This matches the fact that MitLibExceptionHandler handles exactly two exception codes – guard page violations and single steps. So on the next instruction we receive the now expected single step exception and go right into MitLibHandleSingleStepException:

This is obviously a cleaned-up version of the original output. I saved you some of the work of checking what the global variables are and renaming them since this isn’t an especially interesting step – for example to check what function is pointed to by the variable I named pNtProtectVirtualMemory I simply dumped the pointer in WinDbg and saw it pointing to NtProtectVirtualMemory.

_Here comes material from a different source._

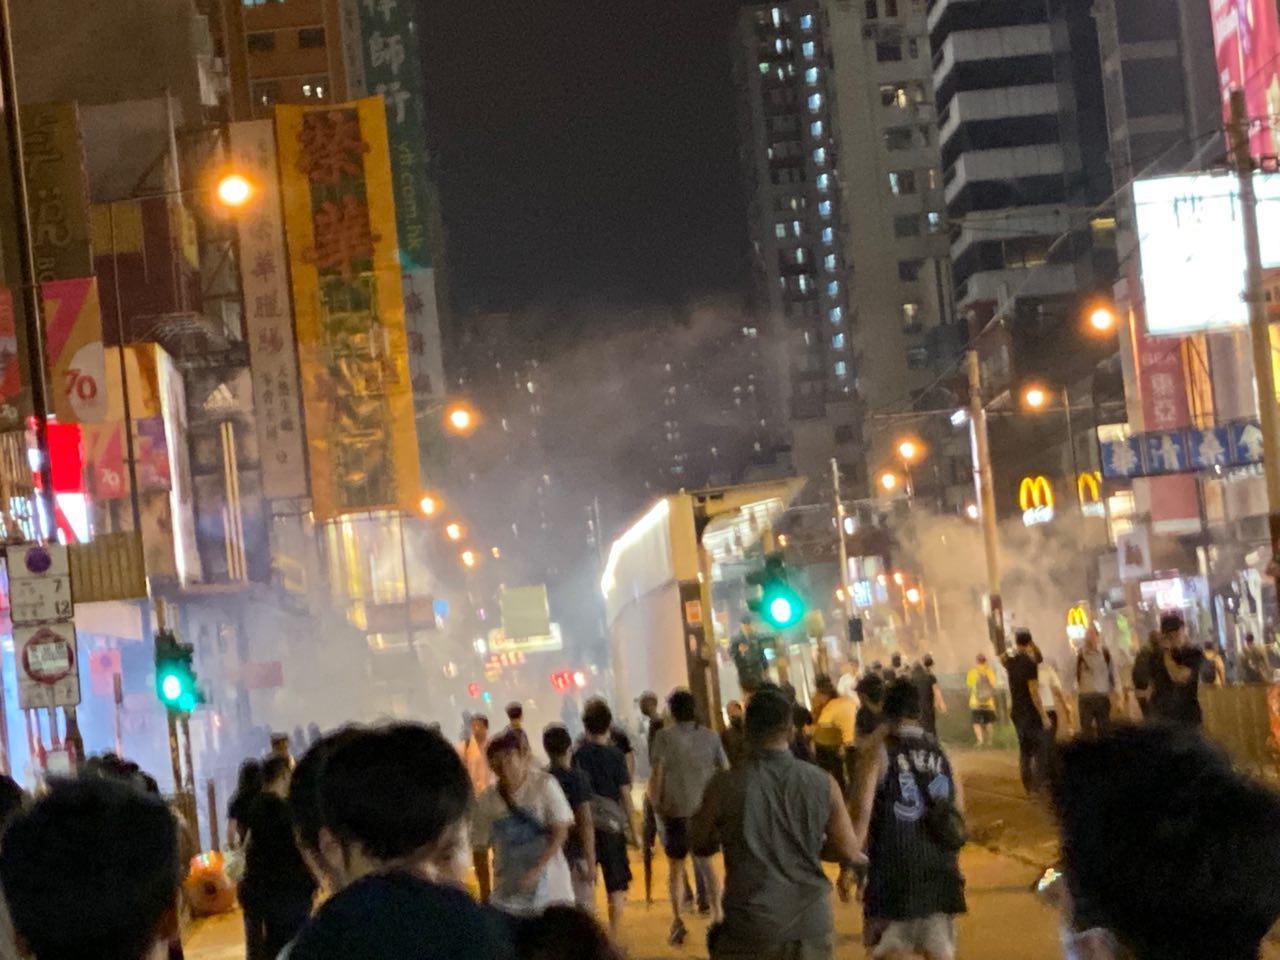 9月21日香港市民在元朗西鐵站靜坐集會,表達呼籲勿忘「721元朗恐襲」。入夜後,警察狂射催淚彈驅散市民。(駱亞/大紀元)

Back to the point – there are some things in this function that we’ll ignore for now and come back to later. What we can focus on is the call to NtProtectVirtualMemory, which (at least through one code path) sets the protection to PAGE_GUARD and PAGE_READONLY. Even without fully understanding everything we can make an educated guess and say that this is most likely the place where the KernelBase.dll export table guard page flag gets reset.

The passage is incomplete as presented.